PHP and Python each have their own advantages and are suitable for different scenarios. 1.PHP is suitable for web development and provides built-in web servers and rich function libraries. 2. Python is suitable for data science and machine learning, with concise syntax and a powerful standard library. When choosing, it should be decided based on project requirements.

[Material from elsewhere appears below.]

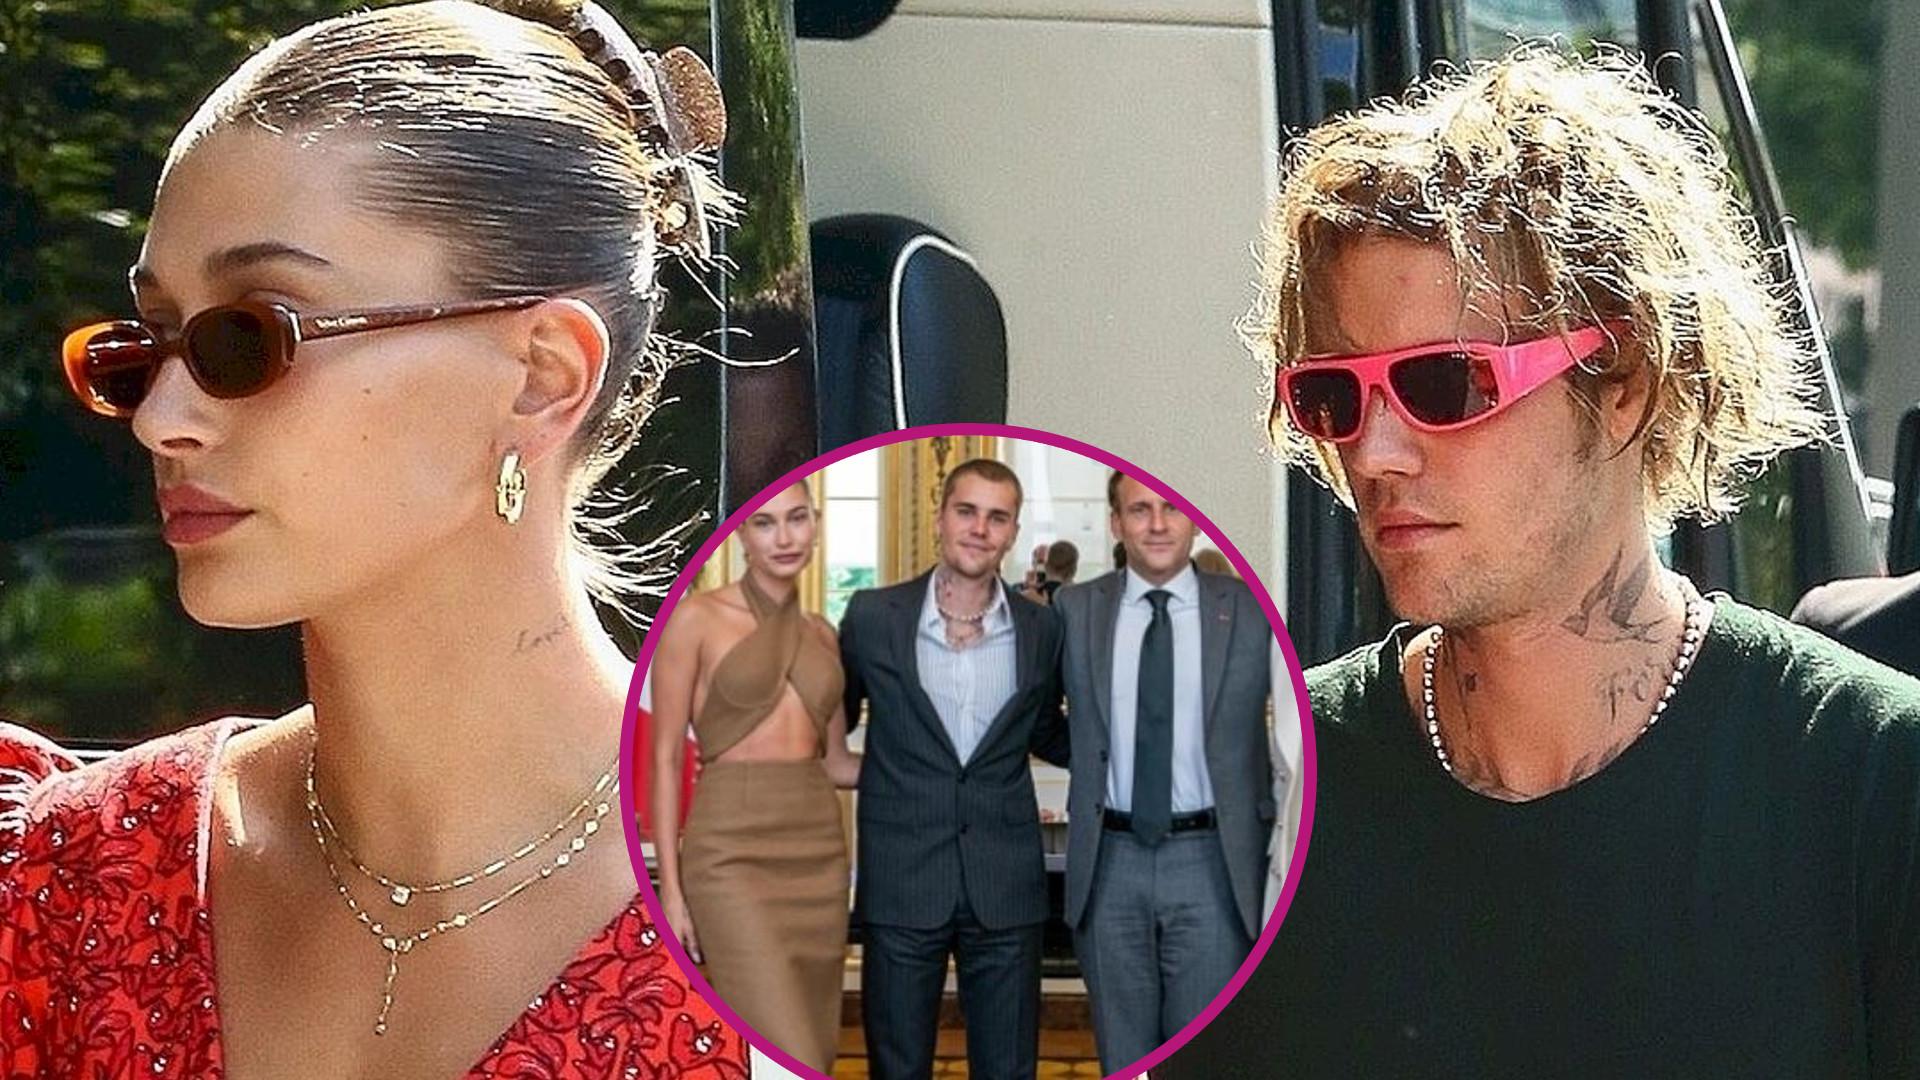 Internet aż HUCZY dziś na temat stylizacji Justina i Hailey na spotkaniu z Emmanuelem Macronem

PHPhassignificantlyimpactedwebdevelopmentandextendsbeyondit.1)ItpowersmajorplatformslikeWordPressandexcelsindatabaseinteractions.2)PHP'sadaptabilityallowsittoscaleforlargeapplicationsusingframeworkslikeLaravel.3)Beyondweb,PHPisusedincommand-linescrip

The reasons why PHP is the preferred technology stack for many websites include its ease of use, strong community support, and widespread use. 1) Easy to learn and use, suitable for beginners. 2) Have a huge developer community and rich resources. 3) Widely used in WordPress, Drupal and other platforms. 4) Integrate tightly with web servers to simplify development deployment.

PHP is suitable for web development and content management systems, and Python is suitable for data science, machine learning and automation scripts. 1.PHP performs well in building fast and scalable websites and applications and is commonly used in CMS such as WordPress. 2. Python has performed outstandingly in the fields of data science and machine learning, with rich libraries such as NumPy and TensorFlow.